ASEAN Beat

Dissident Russian Rock Band Departs Thailand for Israel

Recent Features

ASEAN Beat | Diplomacy | Southeast Asia

Dissident Russian Rock Band Departs Thailand for Israel

Moscow had requested the extradition of the group, whose members were detained for violating Thai immigration laws.

Dissident Russian Rock Band Departs Thailand for Israel

A photo of the Russian rock band Bi-2 posted on the group’s Facebook page along with the announcement that they had departed Thailand for Israel, February 1, 2024.

Credit: Facebook/Би-2/B-2

A dissident Russian rock band detained in Thailand for violating the country’s immigration laws has departed for Israel, avoiding deportation back to Russia, where the musicians would have faced ill-treatment for their anti-war views.

Thai immigration officials yesterday confirmed that members of Bi-2 had flown out of the country. BenarNews quoted Pol.
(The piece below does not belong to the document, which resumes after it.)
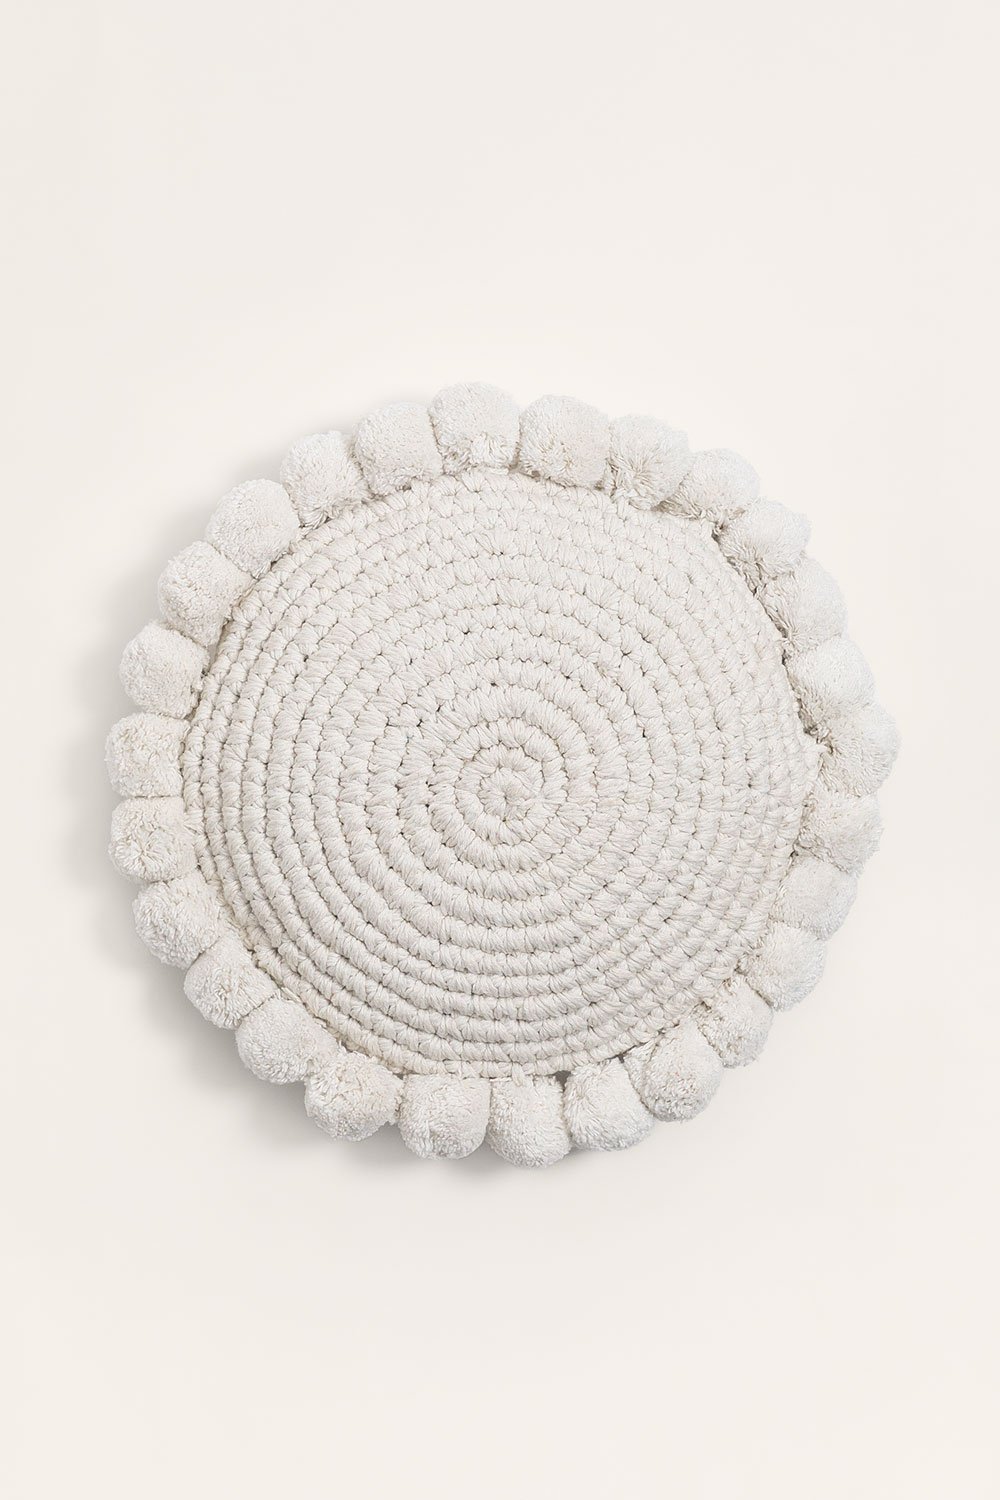 Okrągła poduszka z bawełny (Ø30 cm) Yilda, obrazek w galerii 1

Lt. Gen. Phanthana Nuchanart, the deputy commander of the Immigration Bureau, as saying that the group had “already departed, heading to Israel.”

The band confirmed the departure in a post on Facebook, which said that all seven members of the band were on their way to Tel Aviv, and would play a series of dates in the Middle East and Europe over the coming months.
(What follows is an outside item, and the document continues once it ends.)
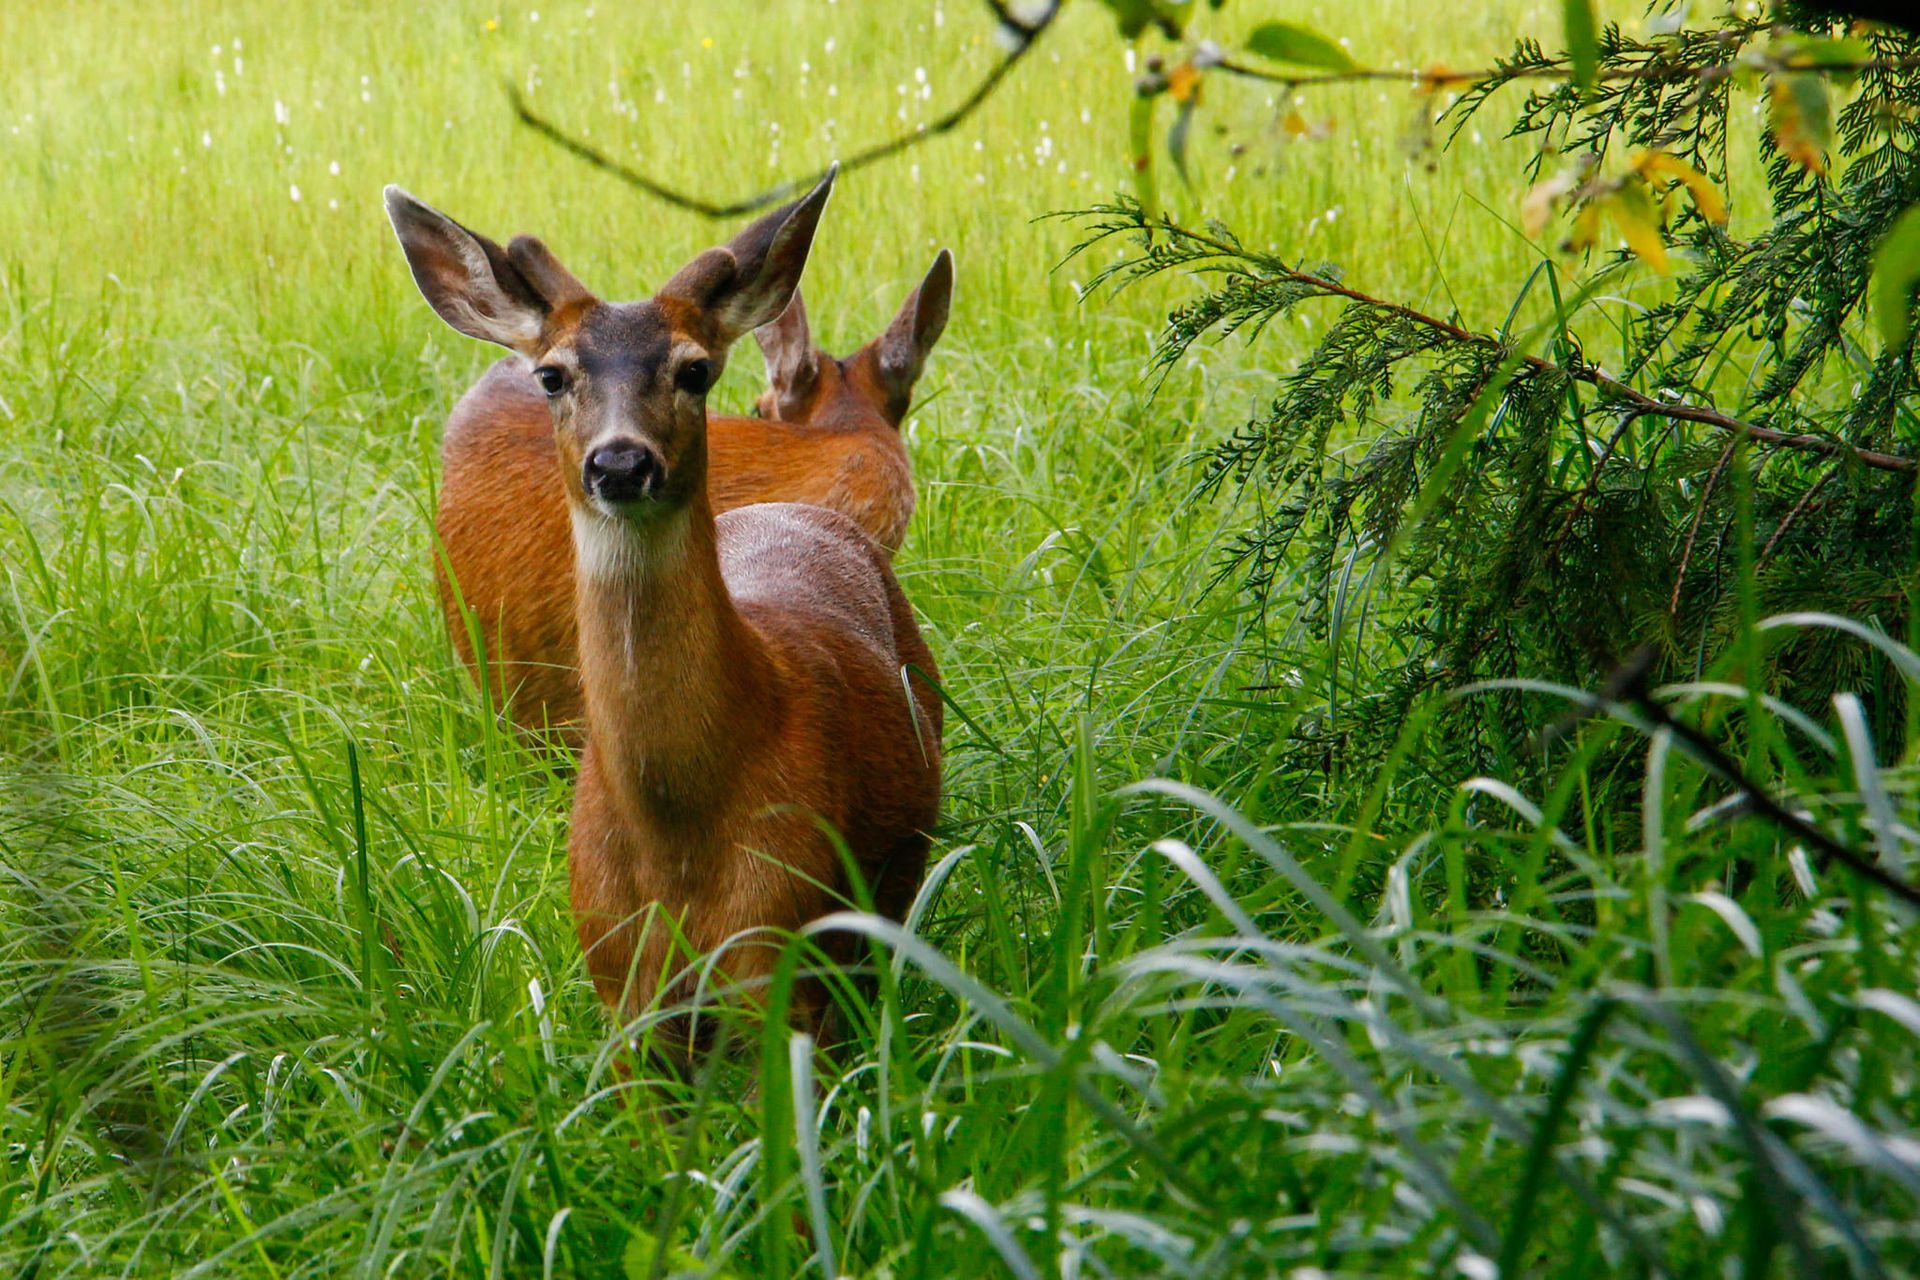 Deer in the grass

“We are free!” the post stated. “Friends, thank you to everyone who fought and supported us!” It went on to thank the Israeli, Australian, and United States governments, as well as diplomats from Germany, Poland, and Lithuania and the human rights group Amnesty International, for facilitating their departure.

Bi-2, which has openly opposed Russia’s invasion of Ukraine, was detained on January 24, shortly after they performed a concert in Phuket, in southern Thailand. According to a statement posted on the group’s Facebook page, the police alleged that the men did not have the correct legal permits to perform and seized their passports. They were subsequently transferred to an immigration detention center in Bangkok, pending their deportation to their respective countries of origin.

While all of Bi-2’s seven members are Russian citizens, some also hold citizenship in Israel and Australia. Nonetheless, this raised very real concerns that they would be sent back to Russia, where they have courted friction with President Vladimir Putin’s establishment by publicly opposing the war in Ukraine. Last May, Human Rights Watch reported, Russia’s Justice Ministry designated Egor Bortnik, the band’s frontman, a “foreign agent” for “opposing the ‘special military operation’ in Ukraine, [and] making negative statements about Russia, its citizens and authorities.”

Sure enough, after the band was detained last month, Russia formally demanded their extradition. Maria Zakharova, a spokesperson for the Russian Foreign Ministry, claiming that the had allegedly “sponsored terrorism” by publicly supporting the Ukrainian cause.

As Mark S. Cogan wrote in these pages earlier this week, Bi-2 had reason to worry, given Thailand’s long and dishonorable track record of deporting dissidents and asylum seekers, including Uyghur Muslims from China and Hmong refugees from Laos, at the request of authoritarian governments.

In the end, Western and Israeli pressure seems to have convinced the Thai government not to accede to Russia’s extradition demand. This was probably not too difficult a decision for the Thai authorities to make, given the outcry that would have followed from Thailand’s closest Western partners. It is also true that while Thailand enjoys broadly positive relations with Russia, its economic dependence on Russia is small enough that it can afford to deny Moscow’s request. The fact that members of the ban were dual citizens also offered a straightforward pretext for sending them elsewhere.

As Phil Robertson of Human Rights Watch said in an emailed statement yesterday, “human rights concerns won out in Thailand’s decision to let all the Bi-2 band members travel to the safety of Israel.” Were a similar request to come from China, with which Thailand has a much more substantial economic relationship, the outcome could well have been different.